One innovation that could allow this to happen was recently demonstrated in the island nation of Cape Verde. The NATO Response Force, a rapidly-deployable headquarters with a wide range of stand-by forces and enablers assigned to it, exercised a peace enforcement and humanitarian relief scenario that was, in many ways, a highly relevant preparation for the situation unfolding in the Middle East. An NRF force of over 7,000 troops, commanded by the German-led NRF Headquarters in The Netherlands, validated the NRF's current capabilities and its potential for more challenging missions. In addition, the significant role played in that exercise by the Eurocorps (a force drawn from Belgium, France, Germany, Luxembourg and Spain, that is independent of both the EU and NATO and has successfully performed missions commanded by both organizations) was a clear demonstration of the possibility for NATO and the EU to bring together their respective unique capabilities in a critical mission.

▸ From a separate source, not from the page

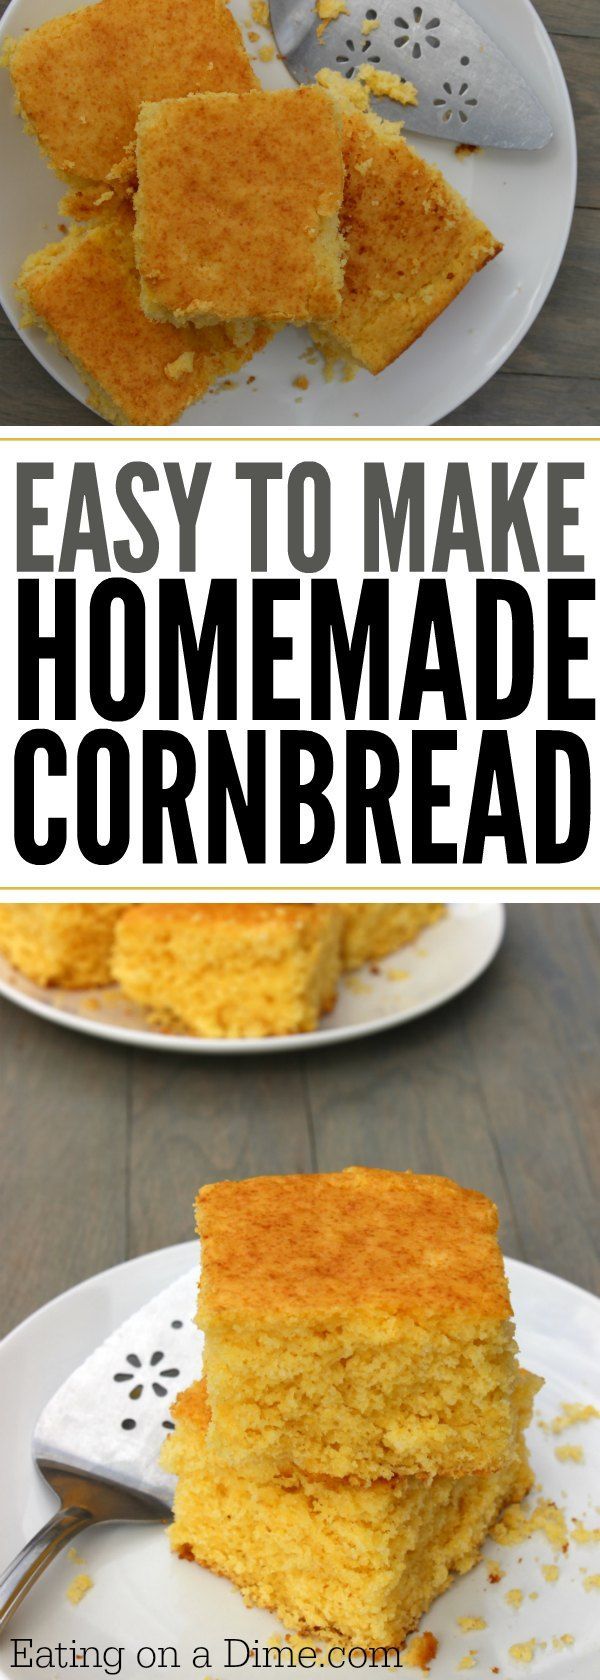 21 corn bread recipes
 ideas

Since the Middle Eastern mission is likely to be a long-standing one, some argue that NATO's NRF, which is designed for quick, short-term deployments, is not ideally suited for such a task. But the rapidly-deployable advance elements of the NRF, which could be in Lebanon within a week of a NATO/EU decision, could well provide a vehicle for bringing into the conflict zone the larger multinational combined air, sea and land force that would have to follow--whether that is a NATO force, an EU force, or an ad-hoc creation.

In the next weeks, the NATO and EU nations will again separately consider how they might contribute to bringing the violence in Lebanon and Israel to a lasting solution. While it remains to be seen whether the NATO nations will choose to use the NRF to initiate the dangerous and complex mission that is emerging in the Middle East, the experience gained in forming the NRF and the confidence of NATO and EU nations in its capabilities make this a viable option. Equally, while it is not clear the EU would want to utilize the strengths of its existing security linkages with NATO in forming the proposed force, this too is a viable option.

The very existence of a NATO/EU option for the Middle East is a testimony to the vision and determination of both organizations' civilian and military leaders. From Bosnia, to Kosovo, to Iraq, to Afghanistan, NATO has deployed forces into distant and often dangerous theaters of conflict, and has done so with notable success. For its part, the EU has successfully taken over missions in Bosnia and FYROM that have progressed to the stage where the EU's ability to combine peacekeeping with nation-building became essential. Today, the member nations of NATO and the European Union have the tools at their disposal to take on what would be their most taxing mission to date, if they can overcome the institutional, cultural and historical obstacles that stand in the way. Both organizations, as well as the people of Lebanon and Israel, would benefit from such a decision.- Published 10/8/2006 © bitterlemons-international.org

Jack Segal is chief political advisor to the Commander, NATO Allied Joint Force Command, Brunssum, The Netherlands. The views expressed in this article are the author's and do not necessarily represent the views of the North Atlantic Treaty Organization, the European Union or their member nations.